Art Historians in Focus: Dr. Shona Kallestrup

By Stephanie Hammer

Dr. Shona Kallestrup is an Associate Lecture of Art History at the University of St. Andrews, specialising in central and Eastern European and Scandinavian art of the nineteenth and twentieth centuries. In her PhD dissertation, she wrote about art in Romania at the turn of the twentieth century.

Marie, Queen of Romania, by George Charles Beresford, 1905, courtesy of the National Portrait Gallery

Marie, Queen of Romania, by George Charles Beresford, 1905, courtesy of the National Portrait Gallery

SH: How did you become interested in Art History?

SK: When I did Higher Art at school, there was a tiny 50-mark Art History component, and I was completely captivated by it. I spent more time on that section than I did on the whole rest of the exam. When I left school, I spent a summer working in a restaurant, and then went interrailing for a month to visit all the wonderful places I’d learned about in Art History. So that’s what drew me in.

SH: Had you considered another career path before choosing Art History?

SK: I have done TEFL (Teaching English as a Foreign Language) in France, Romania, and Hungary. I’ve also worked as a French teacher, but nothing compared to Art History, so I kept coming back to it.

George Sterian, Cover Design for the first issue of the magazine Architectura (Architecture), 1906

George Sterian, Cover Design for the first issue of the magazine Architectura (Architecture), 1906

SH: You’ve travelled to do research. Could you tell me a little bit about your fieldwork in Romania?

SK: Yes, that was a very exciting time, because I was doing my PhD research in Romania after the 1989 Revolution, when the country itself was thinking, ‘How do we re-orientate ourselves?’ I was essentially trying to find things that had been forgotten, or hidden away, or dismissed because they weren’t ideologically acceptable. It took a lot of time to find basic information. I didn’t have the internet, and a lot of my research was the meticulous searching of documents, looking for dates, looking for evidence.

SH: How did you find out about these objects?

SK: Well, first of all, there was a big lacuna in the available literature on Central and Eastern Europe at the turn of the twentieth century. I couldn’t understand why nobody had written about Romania until I got there, and realised there was either no information available, or the existing information was very ideologically skewed. The turn of the century was considered by the communists to be a time of bourgeois capitalist production of art, so much of what I was interested in was written out of the history books.

But while I was in Romania – actually, I taught English there in the summers as an undergrad – I kept coming across things that I thought were hugely exciting, but could never find any information on.

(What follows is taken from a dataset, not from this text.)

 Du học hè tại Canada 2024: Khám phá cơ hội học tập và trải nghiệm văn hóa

Gustav Klimt, Decoration for the theatre in Castle Peles, Sinai, 1884

Gustav Klimt, Decoration for the theatre in Castle Peles, Sinai, 1884

SH: Like works of art and buildings?

SK: Yes, buildings, works of art. Finally, when I began to get inside the royal palaces in particular, and realised what a fabulous wealth of material there was, then my job became an attempt to construct a kind of basic narrative. I wasn’t building on anybody else’s work, because there wasn’t any work. So a lot of my research was knocking on doors, making friends, just trying to get access to collections and archives themselves. In the libraries there were whole sections that had been forbidden under the former regime, and so many of the things I was finally allowed to see had big labels on them saying ‘interzis’ (forbidden), which always gave a little thrill.

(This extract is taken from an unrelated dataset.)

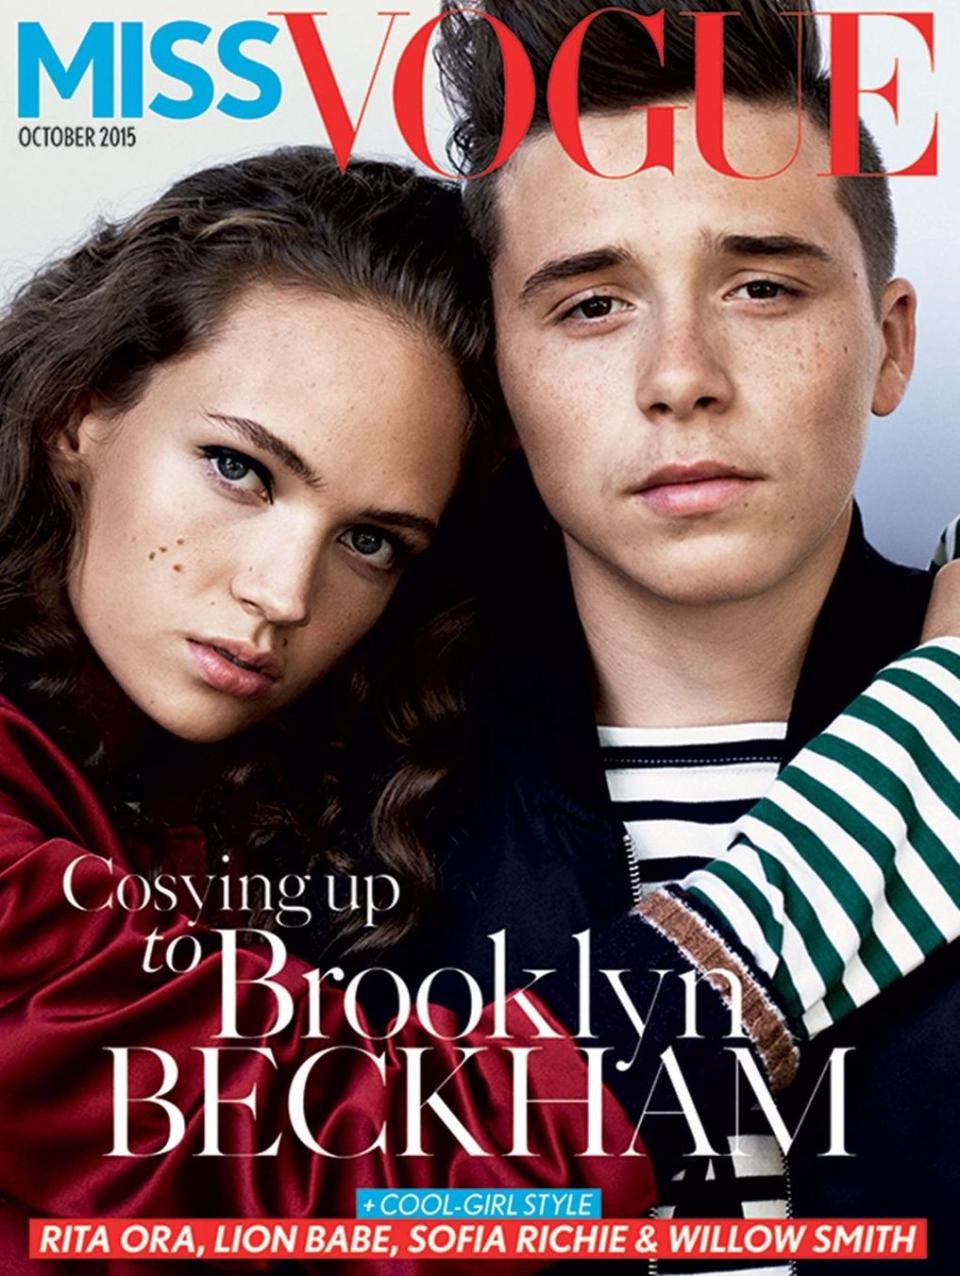 <p>Sobald er das erste Titelbild in der Tasche hatte, gab es kein Halten mehr für Brooklyn Beckham, der Teenagern mit seinem “Miss Vogue” Titelbild im Oktober 2015 den Kopf verdrehte.<br>[Foto: Miss Vogue] </p>

Much of the design I looked at had been commissioned by the royal family. I was particularly interested in Marie, the British Queen of Romania (1875-1938), the daughter of the Duke of Edinburgh. She was very artistic and very artistically aware, and invited some of the leading international designers of the time to come to Romania to decorate her palaces. She was also a fairly prolific writer, and collaborated with illustrators like Edmund Dulac and Mabel Lucie Attwell.

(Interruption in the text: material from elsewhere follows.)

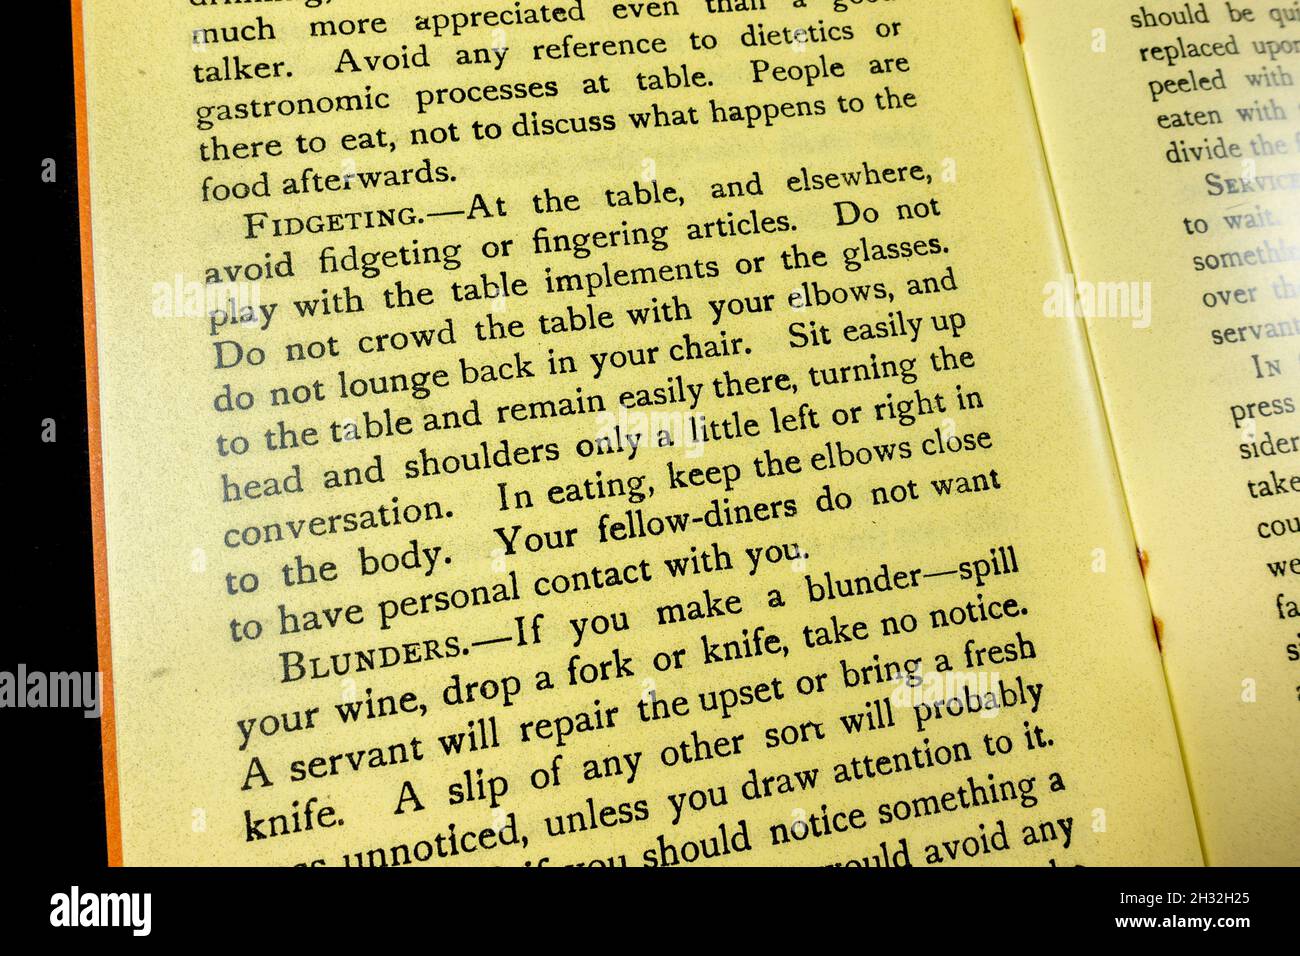 'Fidgeting' y 'blunders' en el capítulo 'Modales en el hogar y en la mesa', folleto 'Etiquette in Everyday Life' de 1920 (réplica). Foto de stock

I found the evidence of works by Baillie Scott, the British Arts and Crafts architect, as well as by key Art Nouveau designers like Alphonse Mucha and Émile Gallé. But one of my most exciting moments, in the early years of my research, was coming across a body of work by the artists’ company of Gustav Klimt, his brother Ernst and Franz Matsch that had been pretty much overlooked by scholarship simply because people in the West couldn’t get access to it, and scholars in Romania hadn’t been allowed to talk about it in any meaningful way.

SH: Do you have any advice for Art History students who are worried about finding their way after graduation?

SK: I would say, trumpet your strengths, forget your weaknesses, seize every opportunity, and just believe in yourself. You are very well-qualified and Art History gives you excellent transferable skills.

SH: What are some things students can do before graduation to prepare themselves for a career afterwards?

SK: Make the most of all the extra-curricular opportunities at St. Andrews. Get involved in societies, show initiative, have a chance at leadership. Make the most of your holidays if you can: do an internship, or work experience, or try and find interesting paid work if you can, showing that beyond your degree, you’ve demonstrated initiative and wider interests.